The FDA today issued 2 recall notices related to CareFusion‘s Alaris pumps, including 1 to CareFusion over alarm issues and another to Elite Biomedical Solutions over a flaw in a replacement frame membrane for the drug pumps.
The FDA has labeled the recalls as a Class I, the most serious type of recall issued by the federal watchdog, which indicates “there is a reasonable probability that use of these products will cause serious adverse health consequences or death.”
CareFusion received 108 reports of an error in which a visual and audible alarm that causes the Alaris pump to stop supplying infusion to the patient, according to the FDA.
Even if the error is cleared, the pump does not respond to key presses until the unit is completely disconnected and reconnected to the computer unit used to program, monitor and provide power to the pump, the federal watchdog said.
Failures in the syringe pump may cause delays or interruptions of therapy and can lead to serious injury or death, the FDA said. So far, CareFusion has not received any reports of permanent injury or death.

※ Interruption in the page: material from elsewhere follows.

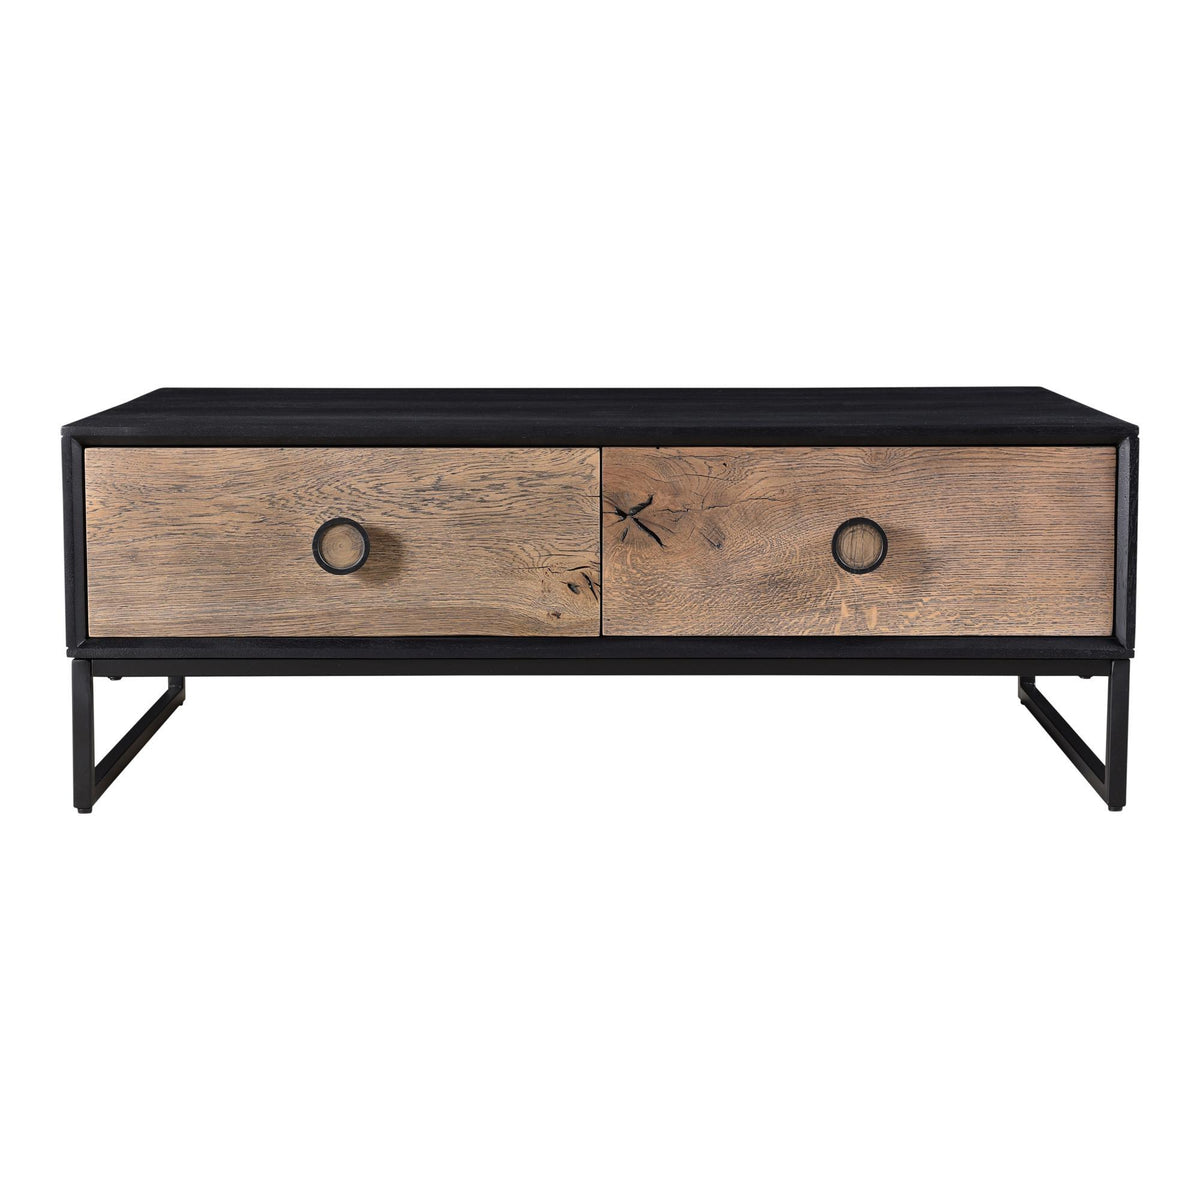 Moe's Home Collection Heath Coffee Table - RP-1002-24

A total of 6,458 Alaris syringe pumps, model number 8110, are affected by the recall. The recalled pumps were manufactured between March 2014 and September 2014 and distributed between March 17, 2014 and September 30, 2014. All units recalled were distributed within the U.S.
CareFusion began notifying customers of the issue July 20, saying the company would initiate repairs on the units within 60 days and advising users to sequester the pumps and use alternate units.

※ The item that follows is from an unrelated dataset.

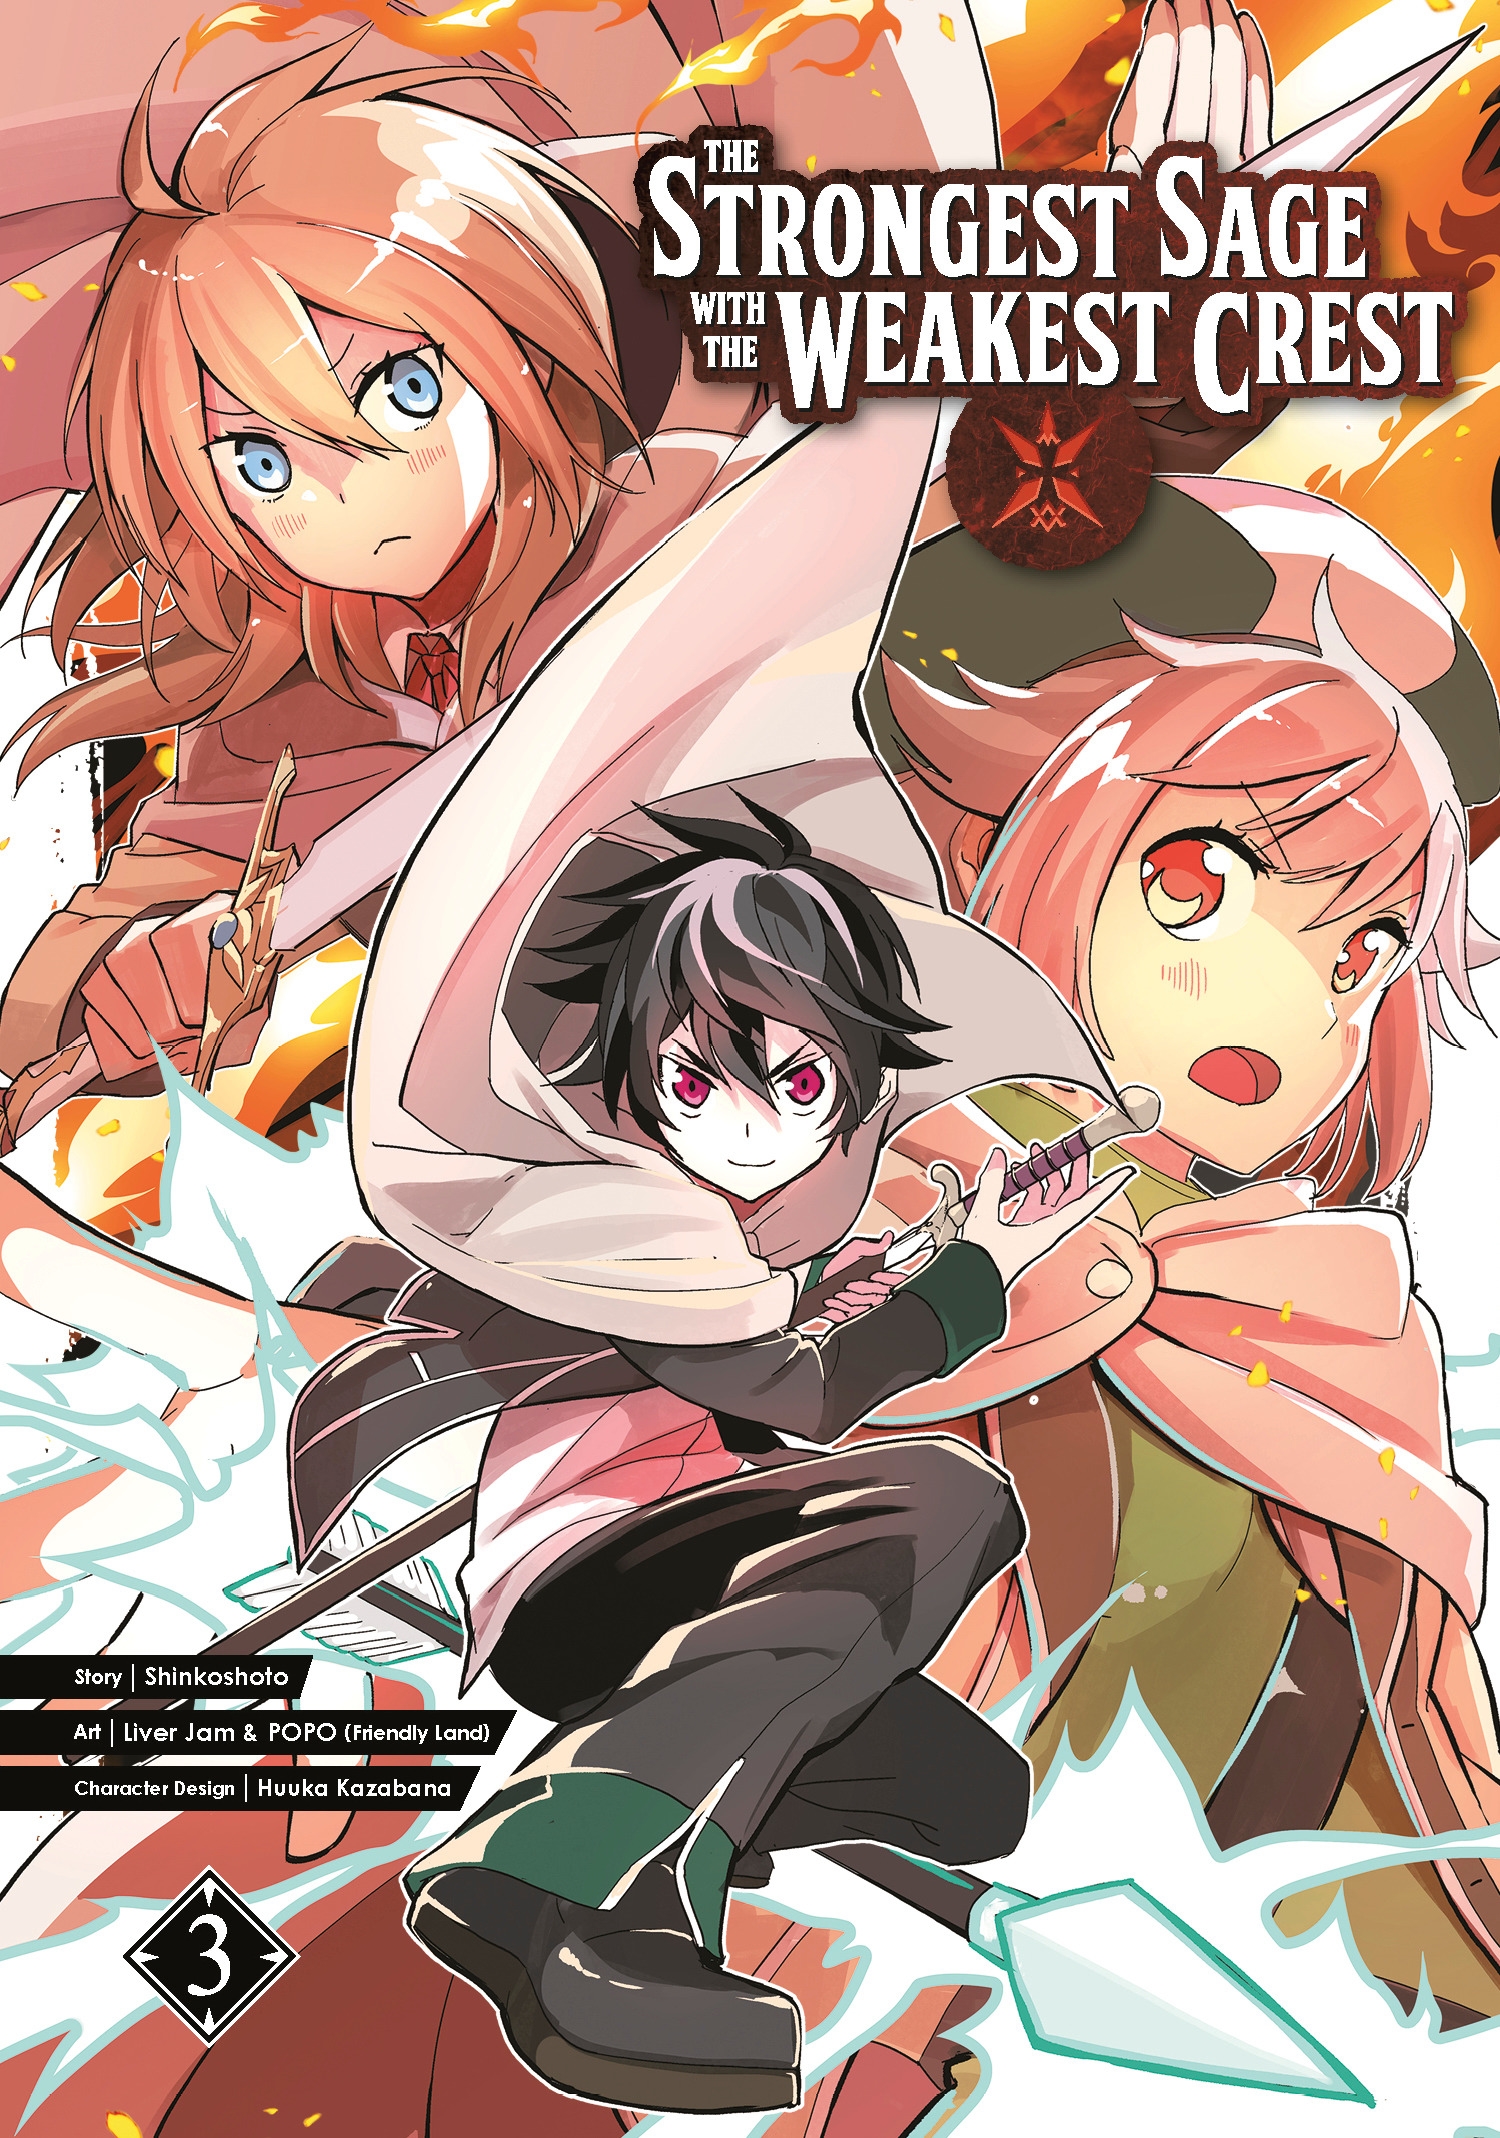 The Strongest Sage with the Weakest Crest 3 by Shinkoshoto - Penguin

A 2nd Alaris recall was issued involving Elite Biomedical Solutions’ Alaris medley large volume pump frame membrane, a replacement piece for a CareFusion Alaris pump. The frame membrane is a part of the Alaris pump that prevents fluids from leaking into internal components, according to the FDA.
Elite Biomedical Solutions said it discovered that use of the replacement frame membrane could lead to over or under infusion of fluids to the patient, with the potential to cause injury or death.
A total 1,502 units distributed within the U.S. are affected by the recall, manufactured between February 20, 2015 and April 21, 2015 and distributed between February 25, 2015 and May 8, 2015, the FDA said.
Elite Biomedical Solutions began contacting customers about the issue on May 21, urging customers to quarantine any indicated products and contact any patients the parts could have been distributed to.